◆ ASSIGNMENT:
Take the lines below from the one with "Fishing polarized uv" through the one with "93aeea03452 Nike Classic" and print only them, exactly. Don't print the pictures.

◆ RAW DATA:
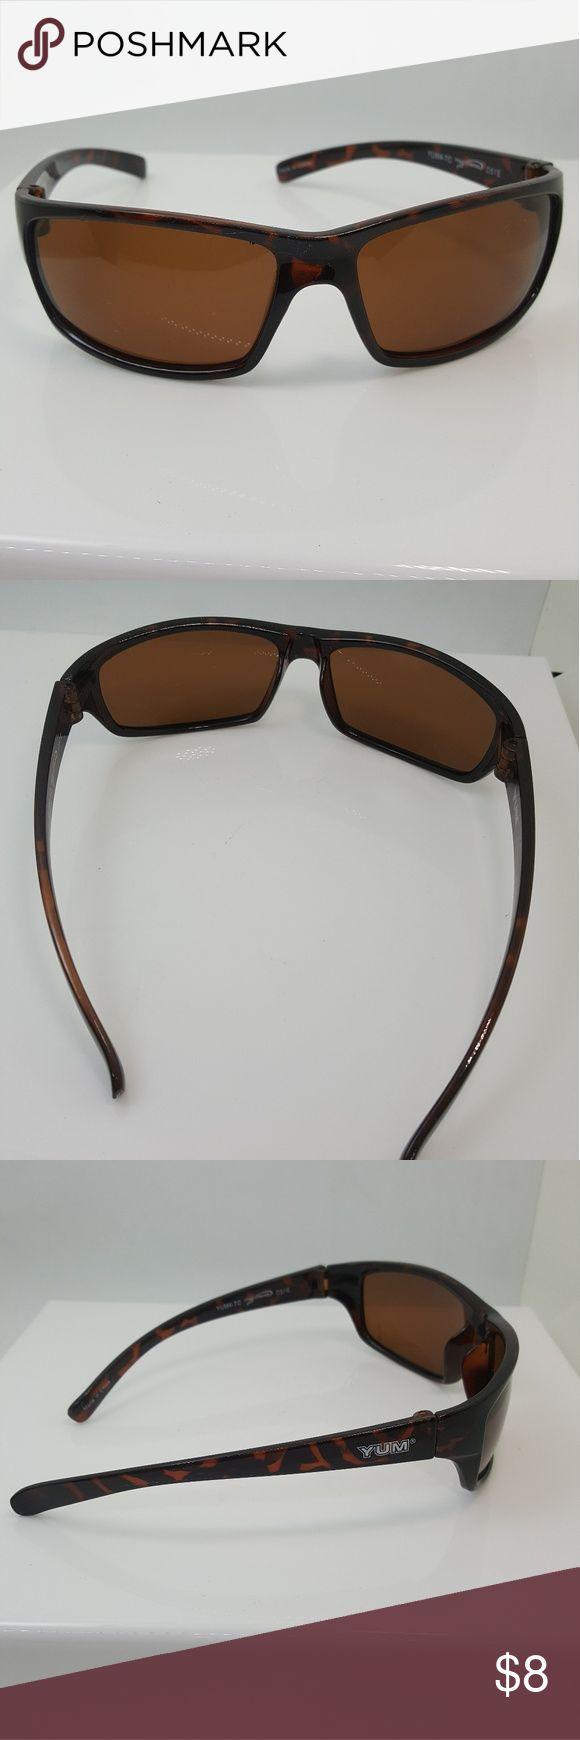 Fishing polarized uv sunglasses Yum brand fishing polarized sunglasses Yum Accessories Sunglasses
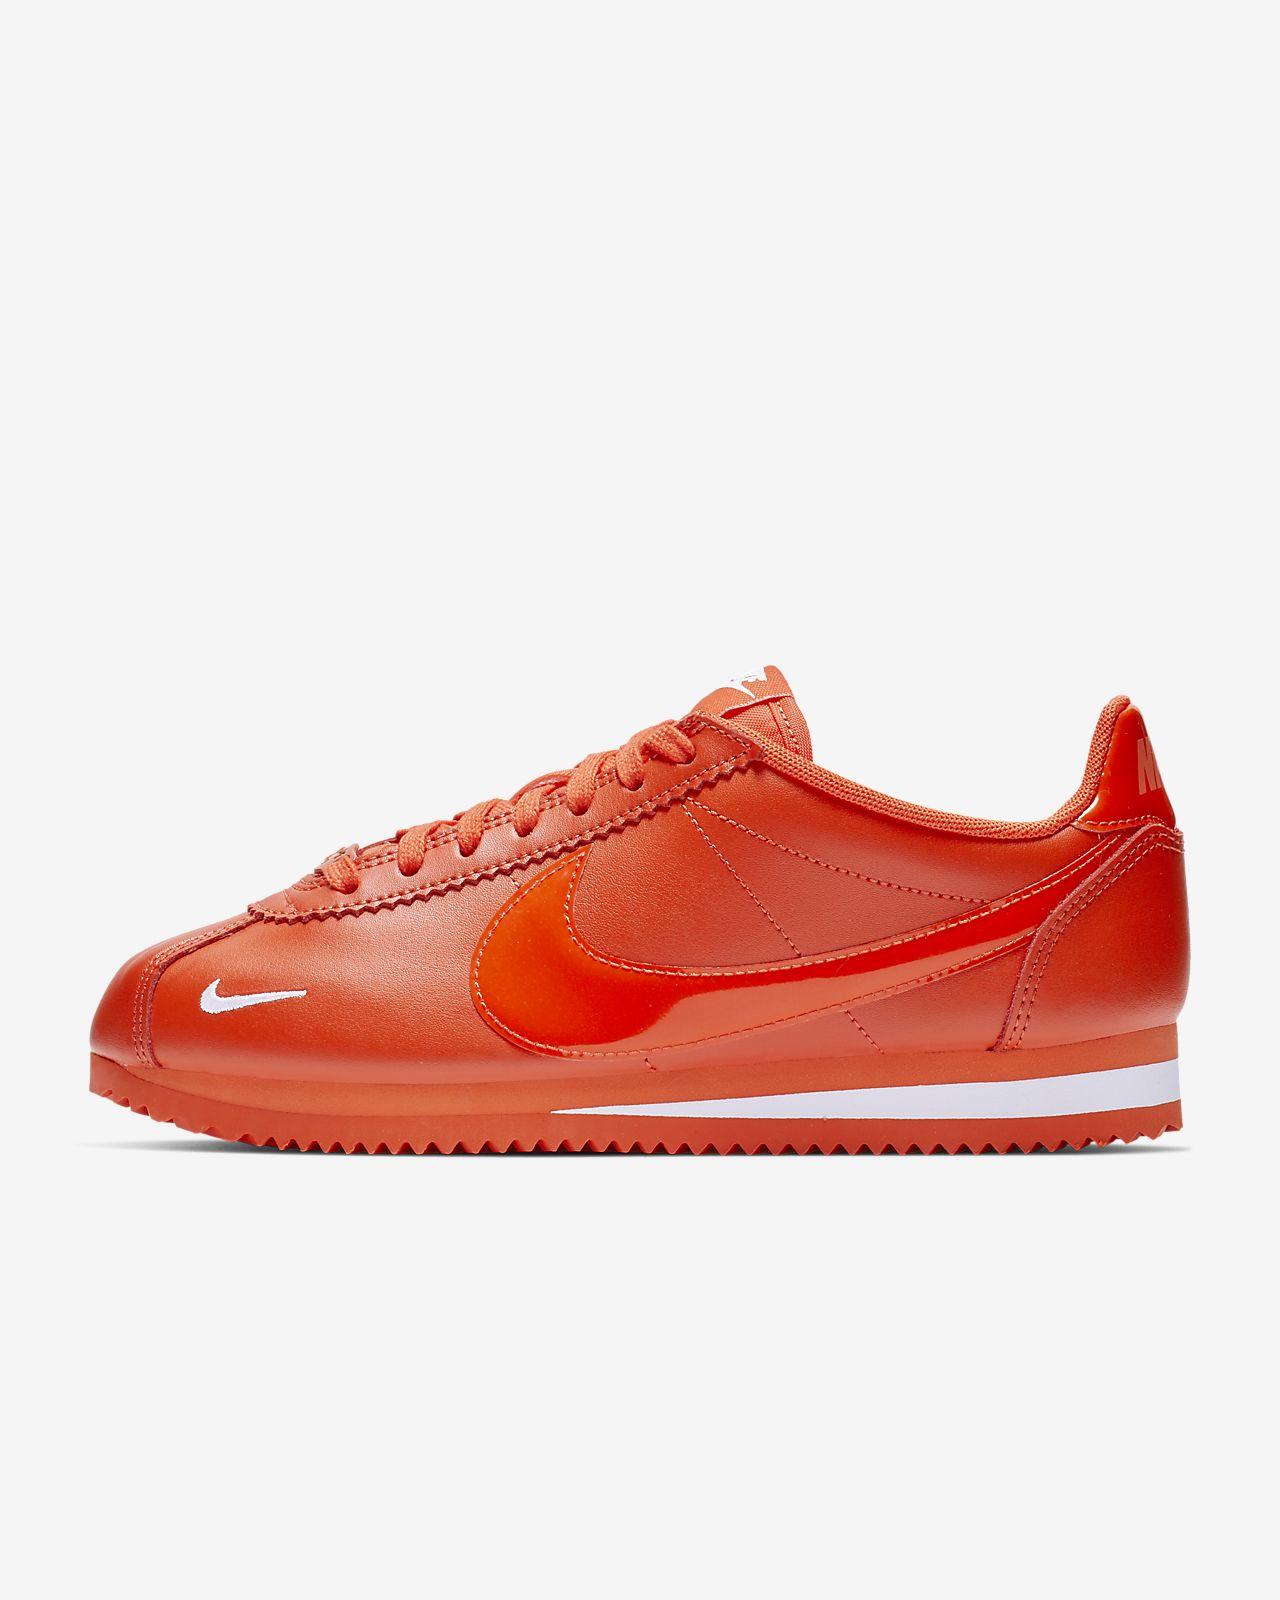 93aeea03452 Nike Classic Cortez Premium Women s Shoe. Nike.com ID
...
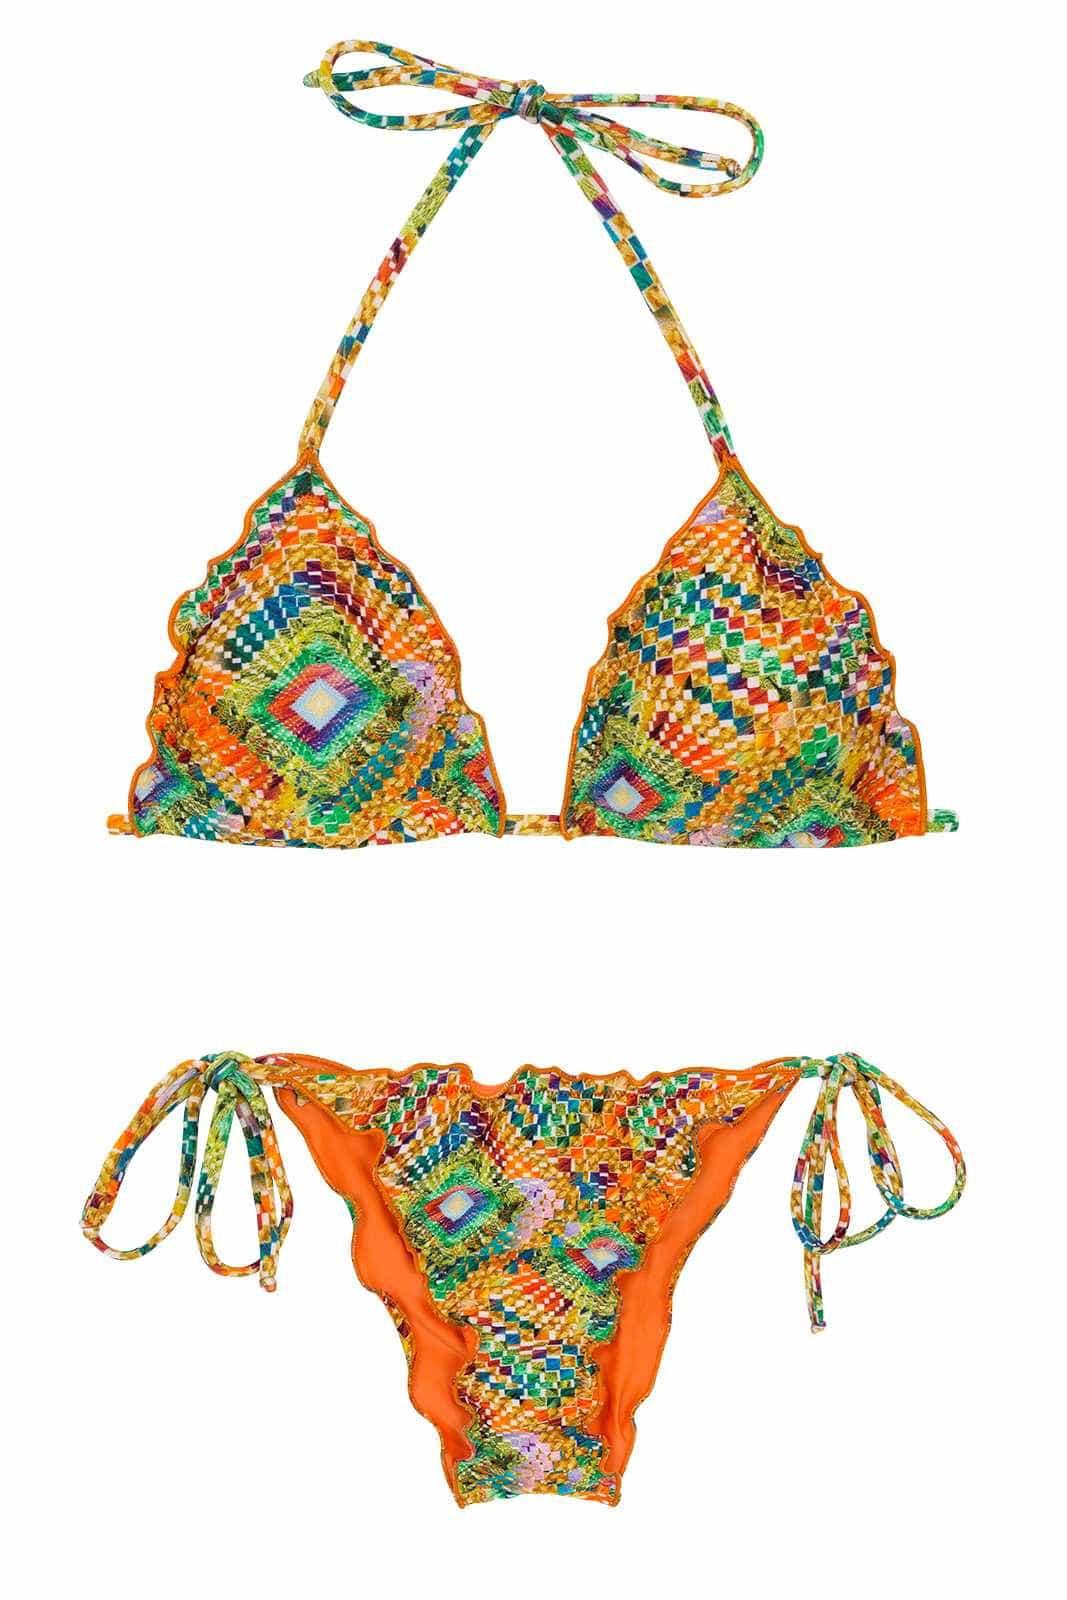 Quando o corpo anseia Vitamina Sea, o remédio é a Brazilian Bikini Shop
...
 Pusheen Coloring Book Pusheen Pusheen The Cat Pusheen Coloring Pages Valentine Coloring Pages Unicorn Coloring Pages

◆ SOLUTION:
 Fishing polarized uv sunglasses Yum brand fishing polarized sunglasses Yum Accessories Sunglasses
 93aeea03452 Nike Classic Cortez Premium Women s Shoe. Nike.com ID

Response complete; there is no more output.